» **TO DO**
Will you extract the entries word for word? Images should not appear in the copy.

» **THE DATA**
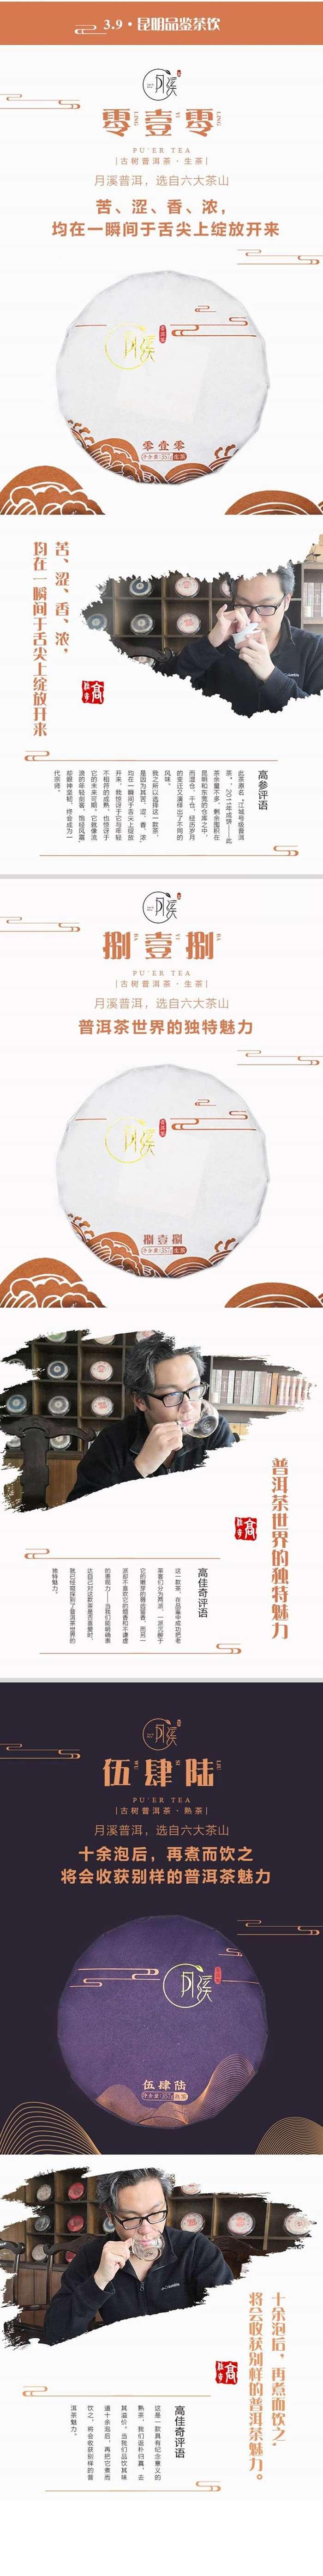 http://www.huodongxing.com/file/20190301/3713346654578/403346919528727.jpg
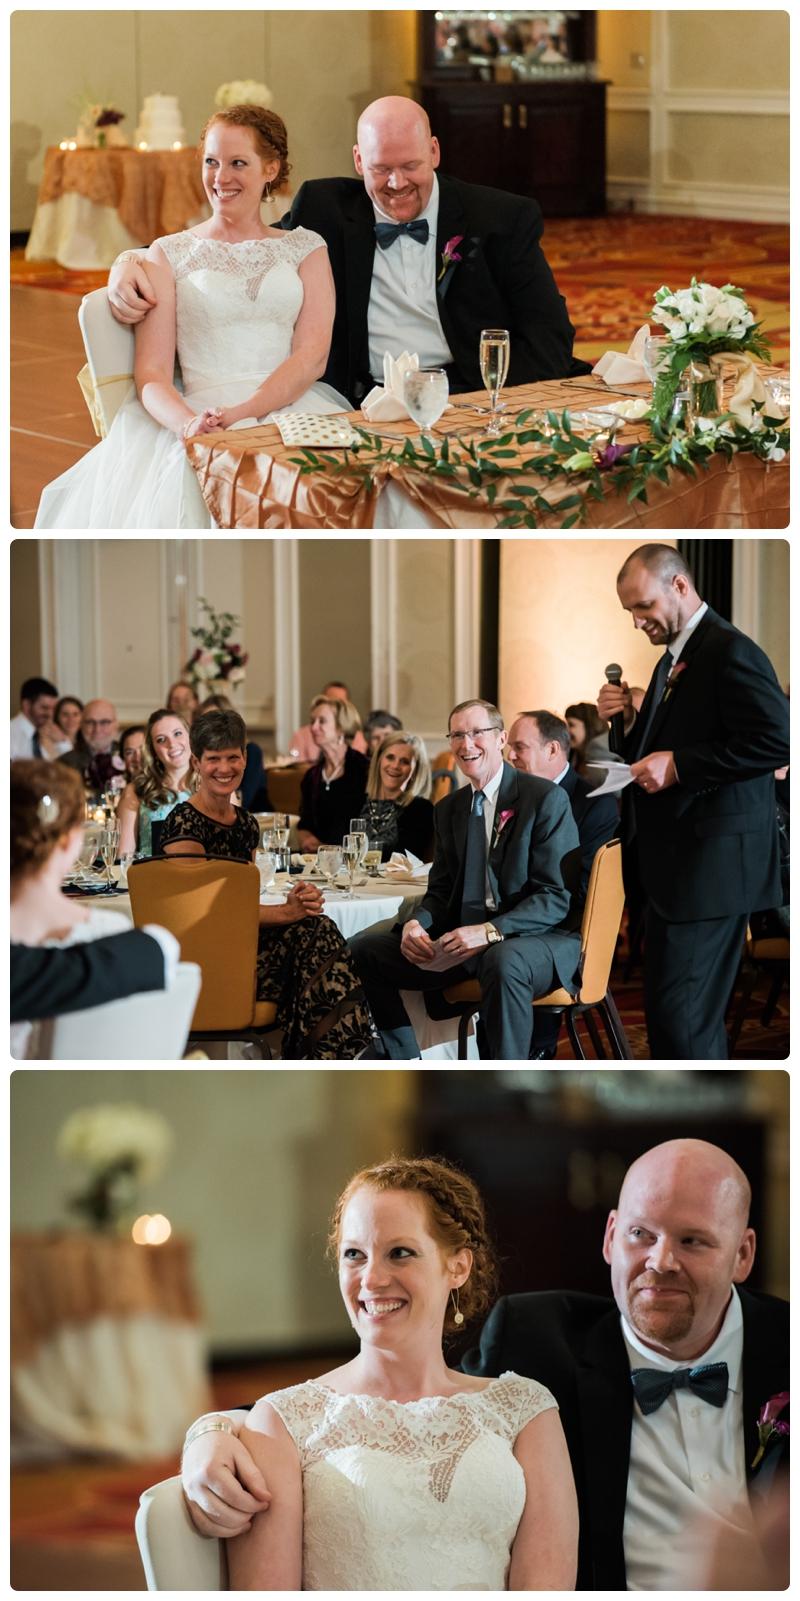 Wedding in Falls Church Virginia by Rachael Foster Photography_0040.jpg
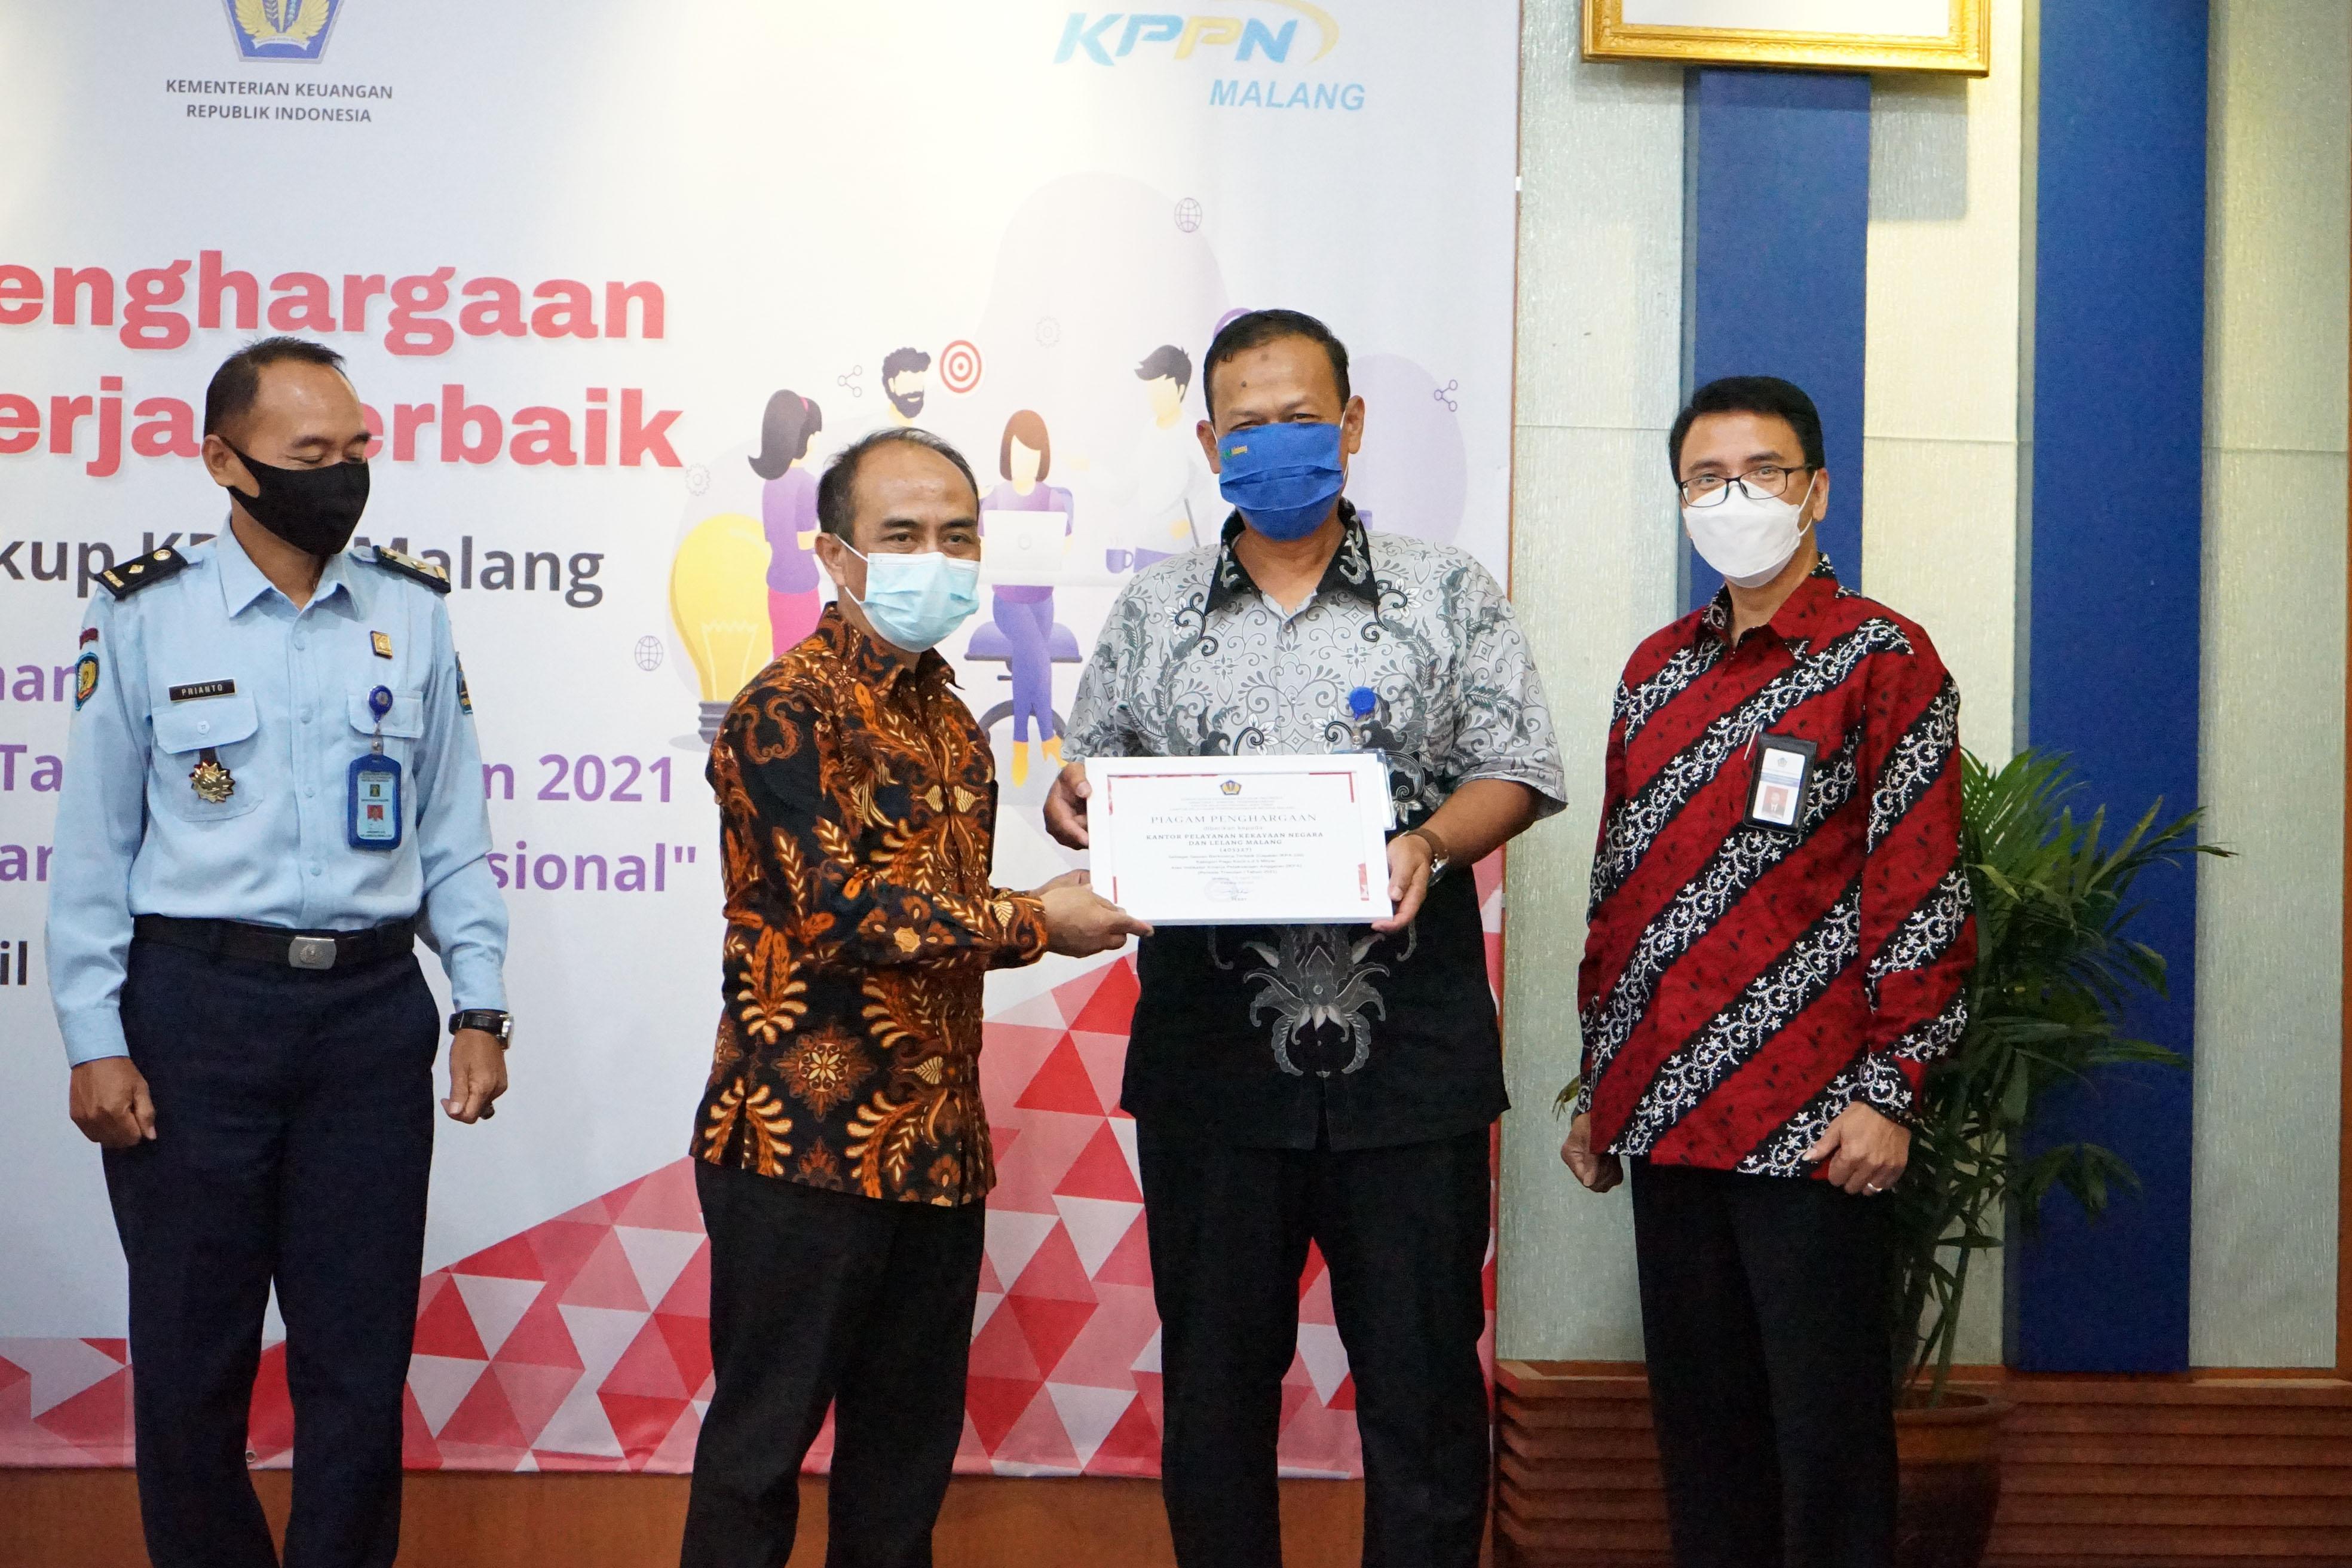 KPKNL Malang Raih Penghargaan PRISMA Periode Triwulan I Tahun 2021
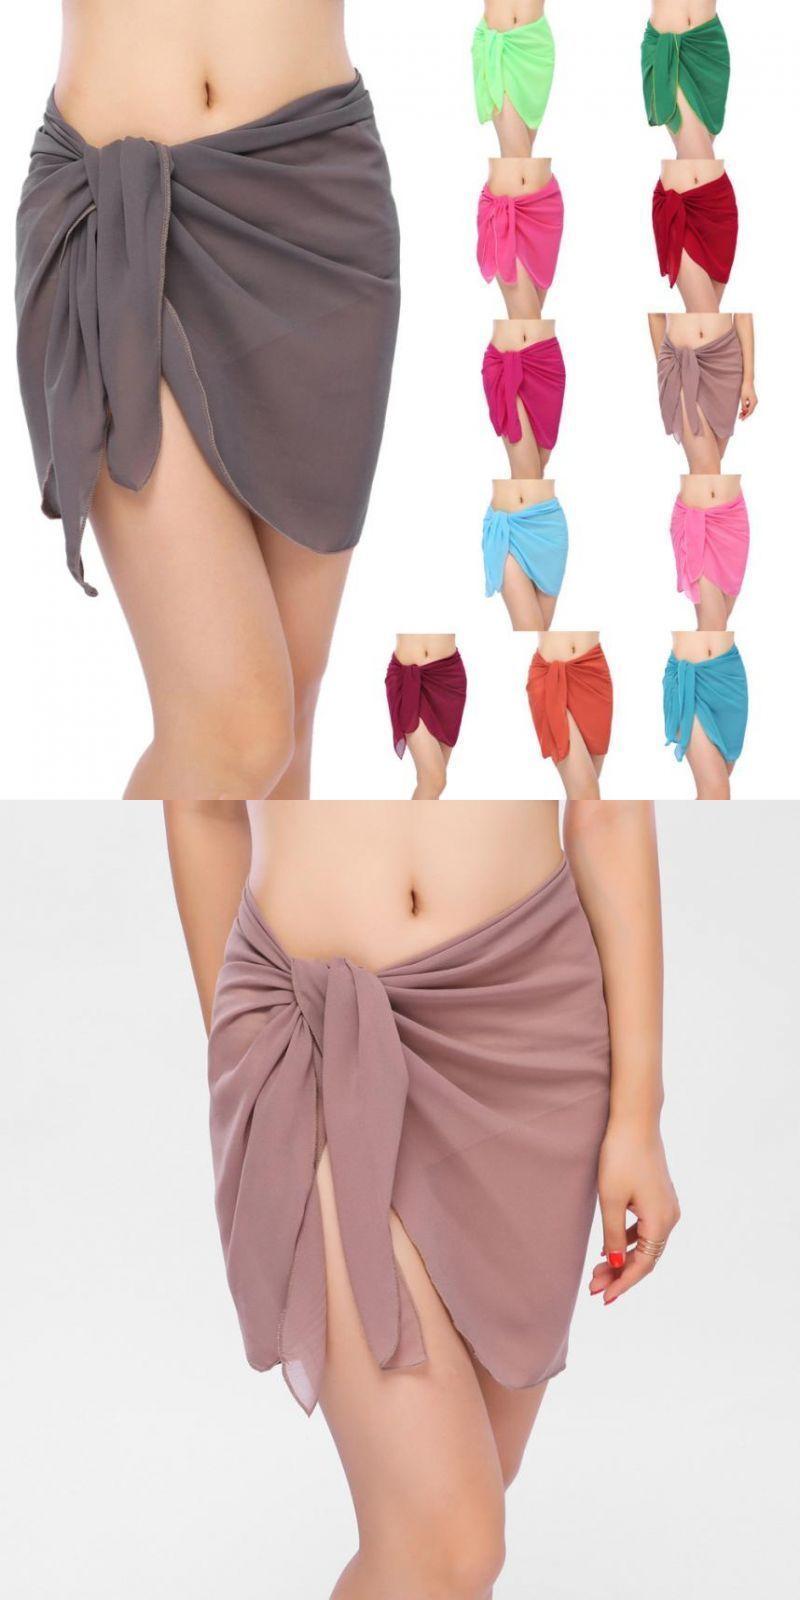 769561d61e Summer beach wear skirts women solid cover up chiffon bikinis swimwear wrap  swimsuit bathing suit cover
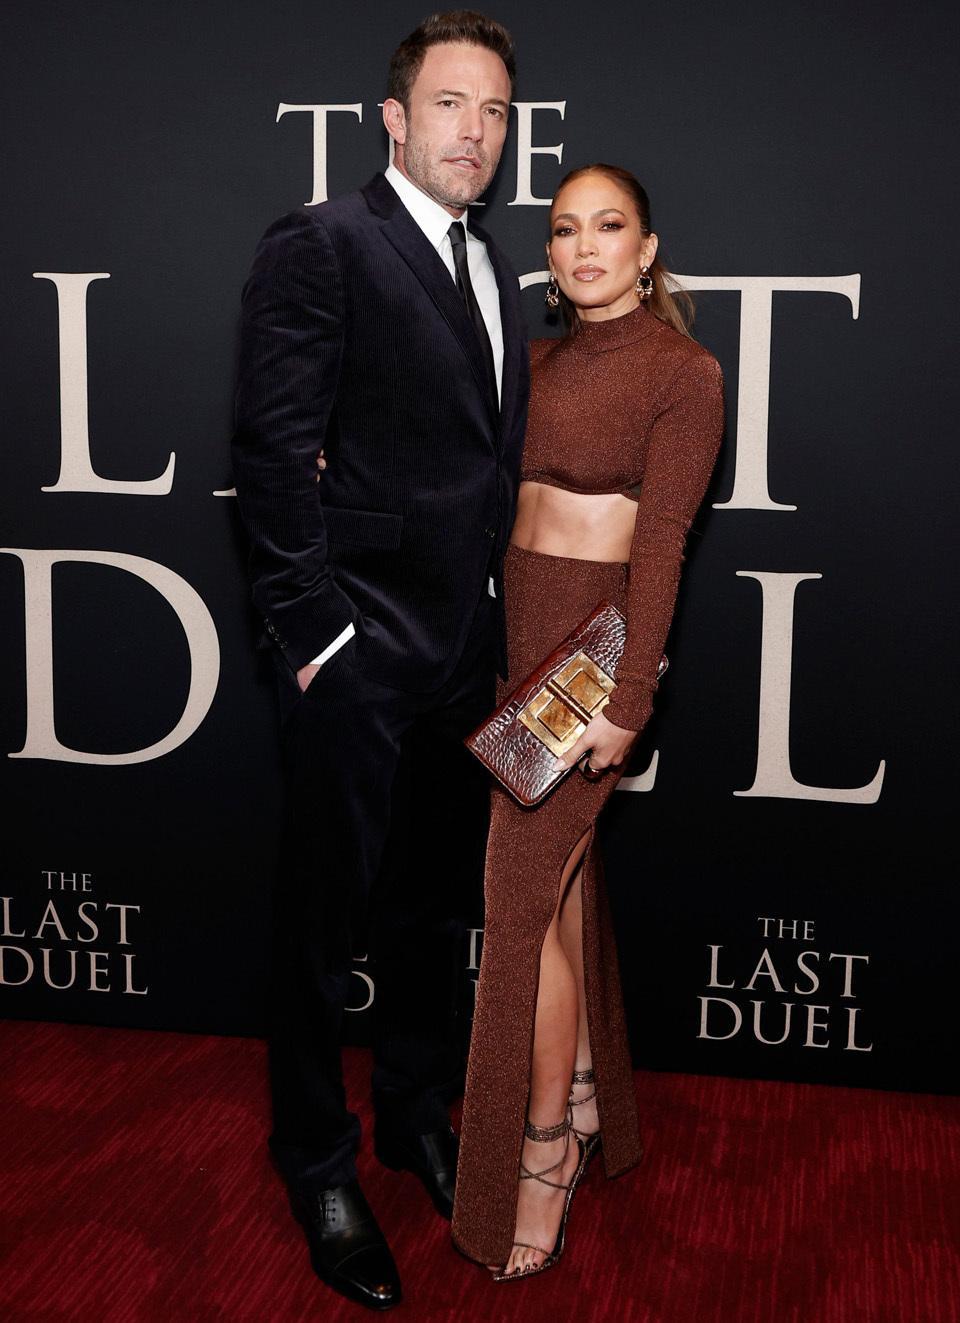 El vestido brillante Herve Leger de Jennifer Lopez, Ben Affleck llegó con un mono de Ralph Lauren para el estreno

» **YOUR SOLUTION**
 http://www.huodongxing.com/file/20190301/3713346654578/403346919528727.jpg
 Wedding in Falls Church Virginia by Rachael Foster Photography_0040.jpg
 KPKNL Malang Raih Penghargaan PRISMA Periode Triwulan I Tahun 2021
 769561d61e Summer beach wear skirts women solid cover up chiffon bikinis swimwear wrap  swimsuit bathing suit cover
 El vestido brillante Herve Leger de Jennifer Lopez, Ben Affleck llegó con un mono de Ralph Lauren para el estreno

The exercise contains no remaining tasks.